Summary. The paper introduces AlpsBench, a benchmark consisting of 2,500 long-term interaction sequences curated from WildChat paired with human-verified structured memories capturing explicit and implicit personalization signals. It defines four tasks—personalized information extraction, updating, retrieval, and utilization—to evaluate the full lifecycle of memory management, and reports benchmarking results on frontier LLMs and memory-centric systems showing struggles with latent trait extraction, performance ceilings in updating, sharp retrieval declines with large distractor pools, and that explicit memory improves recall but does not guarantee better preference-aligned or emotionally resonant responses.

Significance. If the curation is shown to be representative and the evaluation protocols are fully specified and reproducible, AlpsBench would provide a valuable real-world grounded framework that addresses gaps in existing synthetic benchmarks, offering concrete empirical insights into LLM limitations for lifelong personalization that could guide targeted improvements in memory mechanisms.

major comments (3)

[§3] §3 (Dataset Construction): The curation of the 2,500 sequences from WildChat is presented without quantitative distribution comparisons (e.g., topic histograms, dialogue length statistics, or trait coverage) to the full source corpus or explicit selection criteria; this is load-bearing for the central claims because the reported model limitations and performance ceilings are generalized from these sequences as representative of real-world personalization lifecycles including rare cases like conflicting preferences.
[§4.2] §4.2 (Evaluation Protocols): The human verification process for structured memories and the exact metrics/protocols for the utilization task (preference alignment and emotional resonance) lack reported inter-annotator agreement or annotation guidelines; without these, it is unclear whether the finding that explicit memory does not guarantee better responses is supported by reliable ground truth.
[§5] §5 (Benchmarking Results): The retrieval experiments report sharp accuracy declines with large distractor pools, but the manuscript does not specify the exact distractor pool sizes tested, the construction of negative examples, or direct comparisons to non-memory baselines; this detail is necessary to substantiate the claim as a general limitation rather than an artifact of the setup.

minor comments (2)

[Abstract] Abstract: The final sentence could be strengthened by briefly noting one or two key quantitative findings rather than ending on the general aim statement.
[Throughout] Notation: Ensure consistent terminology for 'structured memories' versus 'explicit memory mechanisms' across sections to avoid minor reader confusion.

Simulated Author's Rebuttal

3 responses · 0 unresolved

We thank the referee for the constructive and detailed feedback. We address each major comment below and will incorporate revisions to improve clarity, reproducibility, and support for our claims.

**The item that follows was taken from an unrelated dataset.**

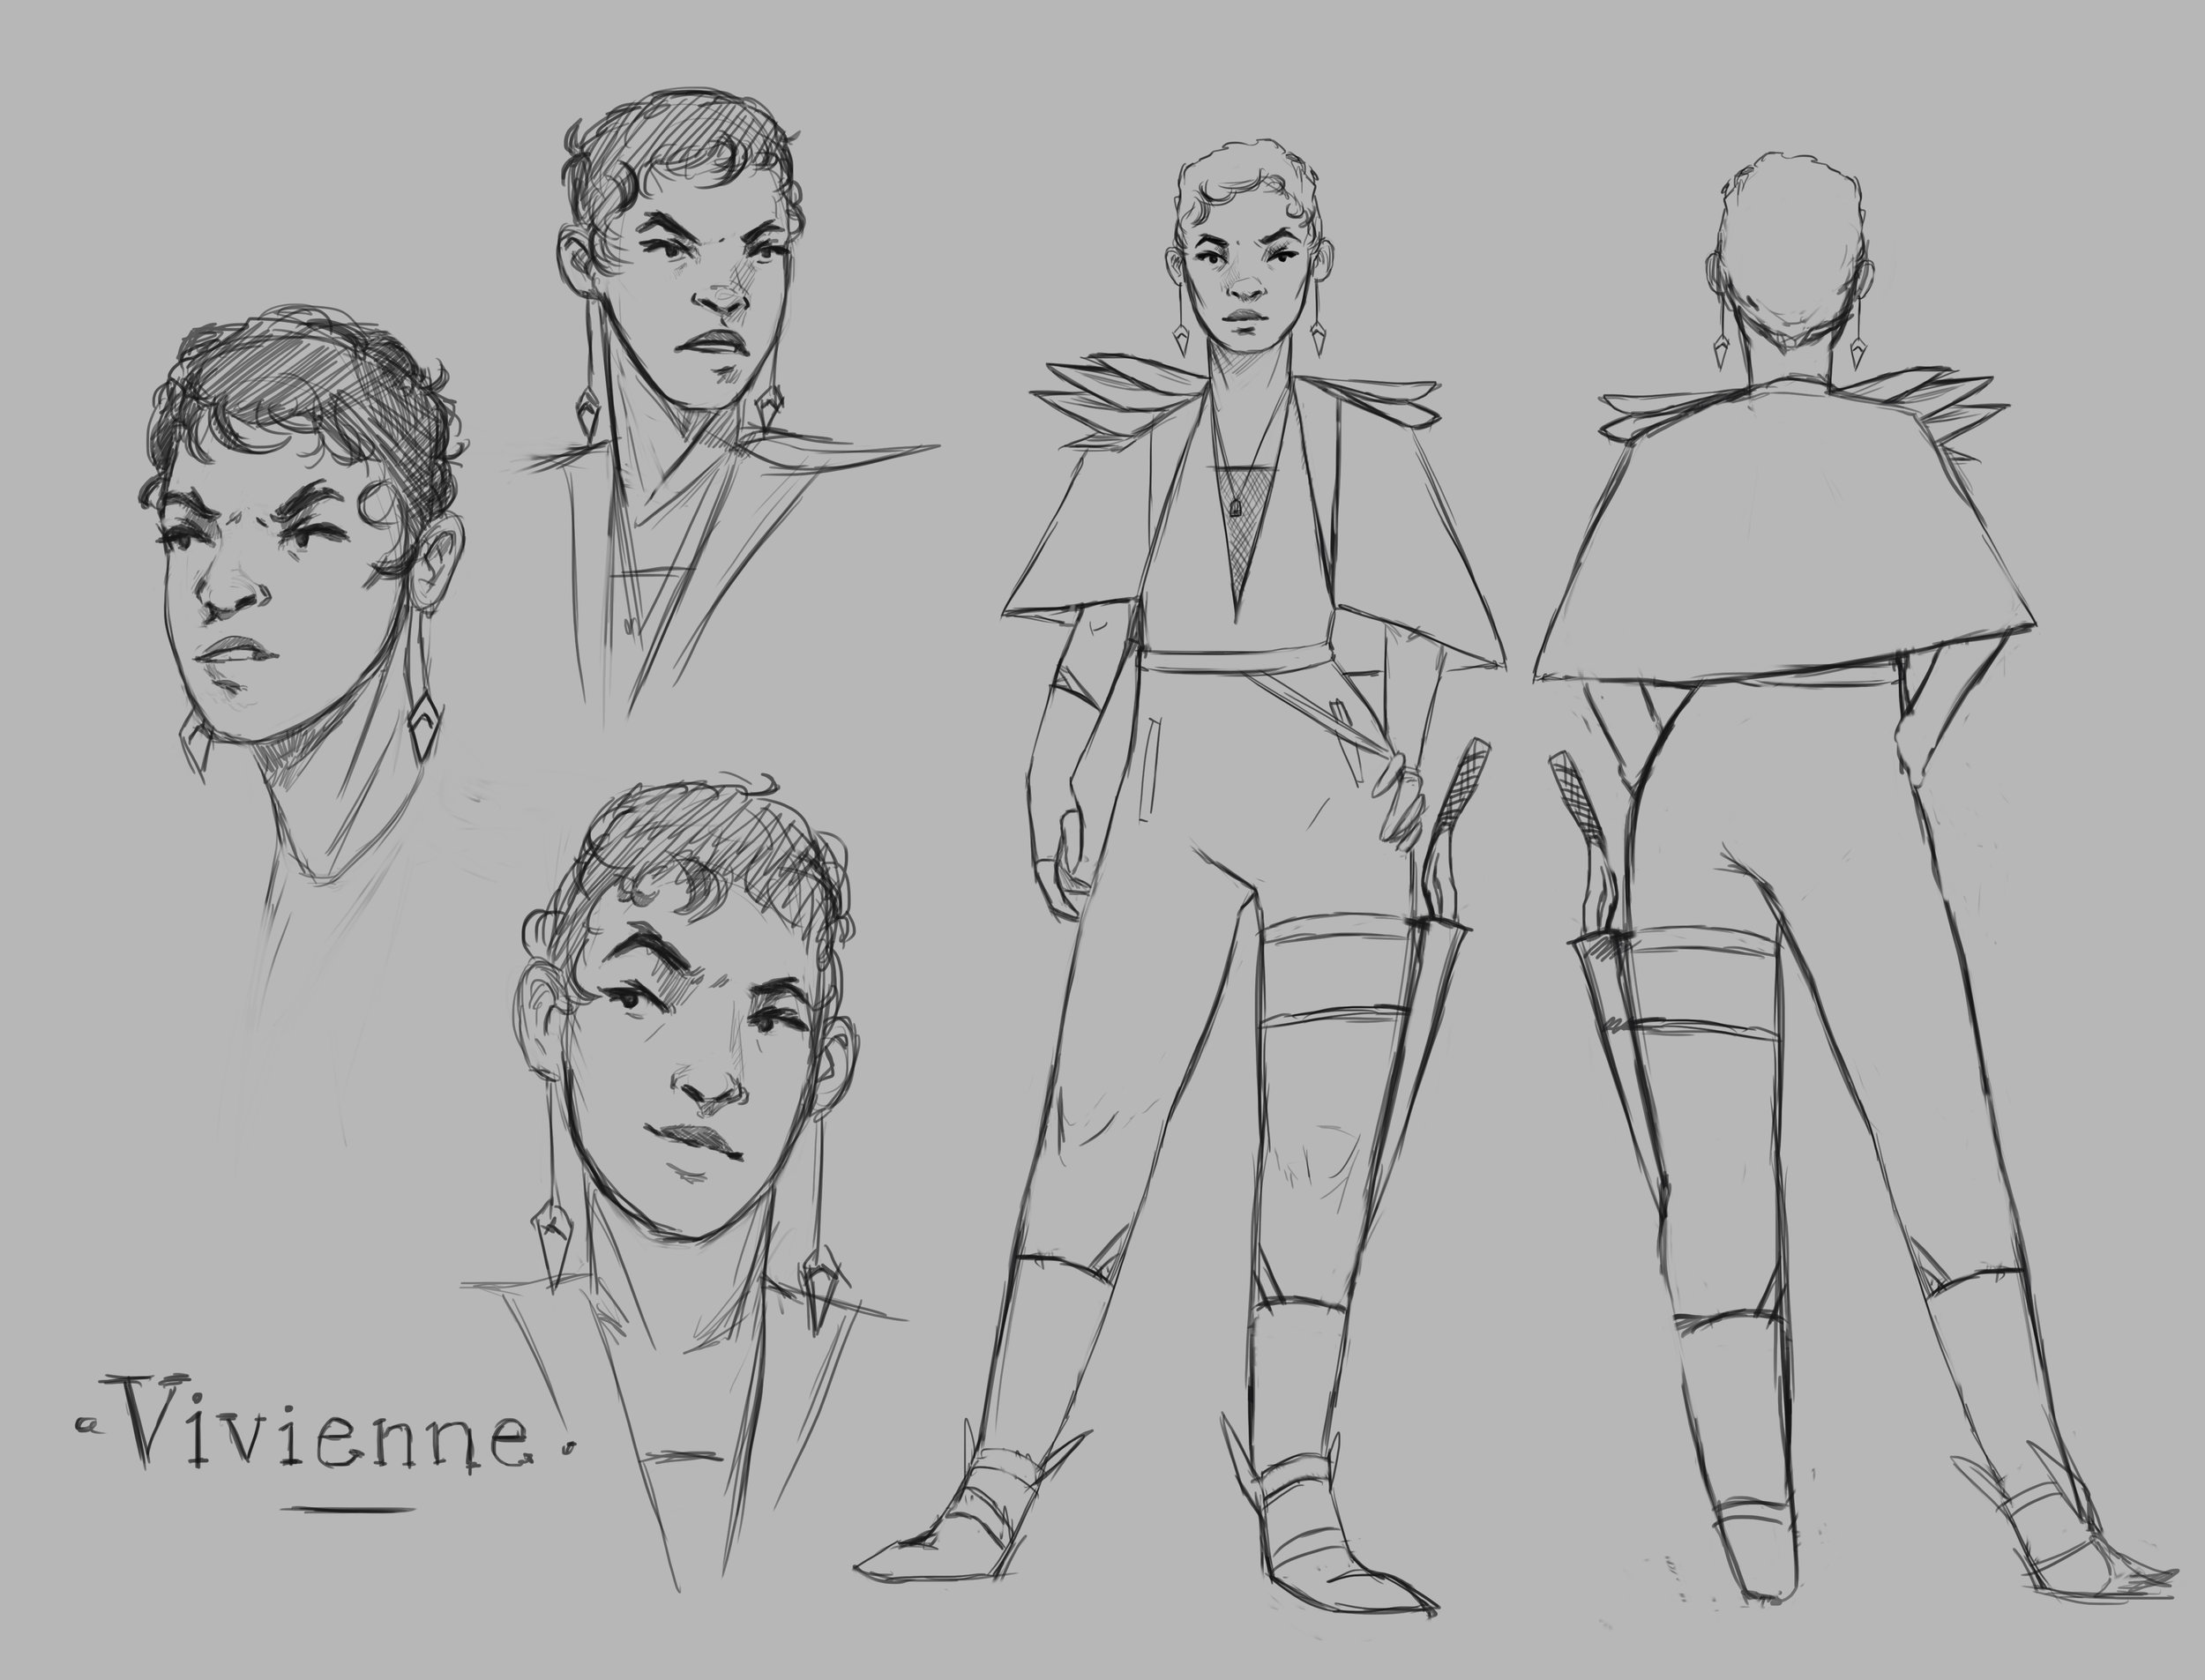 Vivienne character sheet

read point-by-point responses

Referee: [§3] §3 (Dataset Construction): The curation of the 2,500 sequences from WildChat is presented without quantitative distribution comparisons (e.g., topic histograms, dialogue length statistics, or trait coverage) to the full source corpus or explicit selection criteria; this is load-bearing for the central claims because the reported model limitations and performance ceilings are generalized from these sequences as representative of real-world personalization lifecycles including rare cases like conflicting preferences.

Authors: We agree that quantitative comparisons are essential to substantiate representativeness. In the revised manuscript, we will add topic histograms, dialogue length distributions, and trait coverage statistics comparing the 2,500 selected sequences against the full WildChat corpus. We will also explicitly document the curation criteria, including how sequences were sampled to capture both common and rare personalization signals such as conflicting preferences. These additions will appear in an expanded Section 3. revision: yes
Referee: [§4.2] §4.2 (Evaluation Protocols): The human verification process for structured memories and the exact metrics/protocols for the utilization task (preference alignment and emotional resonance) lack reported inter-annotator agreement or annotation guidelines; without these, it is unclear whether the finding that explicit memory does not guarantee better responses is supported by reliable ground truth.

Authors: We will report inter-annotator agreement (Fleiss' kappa) for the structured memory verification process in the revised Section 4.2. The full annotation guidelines and detailed protocols for scoring preference alignment and emotional resonance in the utilization task will be added to the appendix. These changes will directly support the reliability of the ground-truth labels underlying our finding that explicit memory does not guarantee better responses. revision: yes
Referee: [§5] §5 (Benchmarking Results): The retrieval experiments report sharp accuracy declines with large distractor pools, but the manuscript does not specify the exact distractor pool sizes tested, the construction of negative examples, or direct comparisons to non-memory baselines; this detail is necessary to substantiate the claim as a general limitation rather than an artifact of the setup.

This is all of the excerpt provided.